Dua Tersangka Kasus Proyek Fiktif Jalan Saniahaya–Modapuhi, dalam perkara kedua, penyidik menetapkan dua tersangka, yaitu:
1. JU, Kepala Dinas PUPR Kabupaten Kepulauan Sula, Berdasarkan Surat Penetapan Tersangka Nomor B-1698/Q.2.14/Fd.2/12/2025
2. DNB, Direktur CV SBU selaku pemenang tender, Berdasarkan Surat Penetapan Tersangka Nomor B-1694/Q.2.14/Fd.2/12/2025
Dari hasil pemeriksaan 14 saksi, 1 ahli, dan sejumlah dokumen yang disita, penyidik menemukan dugaan bahwa proyek jalan tersebut tidak pernah dikerjakan sama sekali (fiktif).
Meski demikian, DNB telah menerima pembayaran uang muka 30% dari nilai pekerjaan.
Berdasarkan LHA Auditor Kejati Maluku tertanggal 29 November 2025, kerugian negara ditaksir mencapai Rp1.320.288.177.
Kedua tersangka dijerat dengan sangkaan, Primair: Pasal 2 ayat (1) UU Tipikor jo. Pasal 55 ayat (1) ke-1 KUHP dan Subsidair: Pasal 3 UU Tipikor jo.
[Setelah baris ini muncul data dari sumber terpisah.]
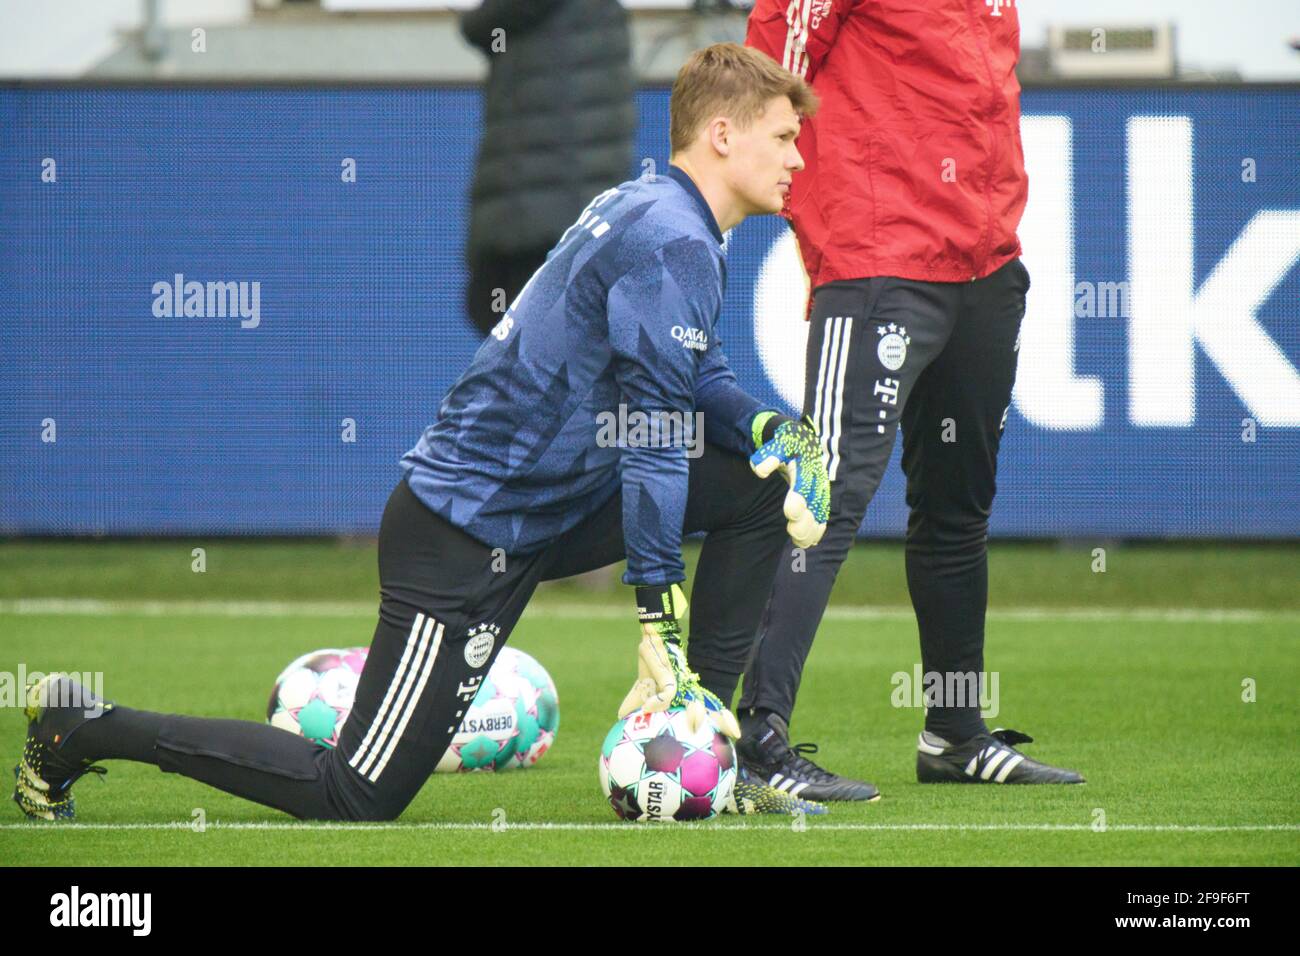 Wolfsburg, Germany. 17th Apr, 2021. Alexander NUEBEL, NÜBEL, goalkeeper FCB 35  in the match VFL WOLFSBURG - FC BAYERN MUENCHEN  2-3 1.German Football League on April 17, 2021 in Wolfsburg, Germany  Season 2020/2021, matchday 29, 1.Bundesliga, FCB, München, 29.Spieltag, Wölfe,  © Peter Schatz / Alamy Live News   - DFL REGULATIONS PROHIBIT ANY USE OF PHOTOGRAPHS as IMAGE SEQUENCES and/or QUASI-VIDEO - Stock Photo

Pasal 55 ayat (1) ke-1 KUHP
Penyidik Kejari Kepulauan Sula telah memerintahkan penahanan terhadap JU, ditahan di Lapas Kelas II Piru selama 20 hari, 4-23 Desember 2025 Berdasarkan Surat Perintah Penahanan Nomor Print-578/Q.2.14/Fd.2/12/2025 dan DNB, ditahan di Rutan Kelas IIb Ternate selama 20 hari, 4–23 Desember 2025 Berdasarkan Surat Perintah Penahanan Nomor Print-577/Q.2.14/Fd.2/12/2025.
Kejaksaan menegaskan penyidikan akan terus dikembangkan untuk mengungkap seluruh pihak yang diduga terlibat. Masyarakat diminta mendukung proses penegakan hukum dan tidak terpengaruh informasi yang tidak dapat dipertanggungjawabkan.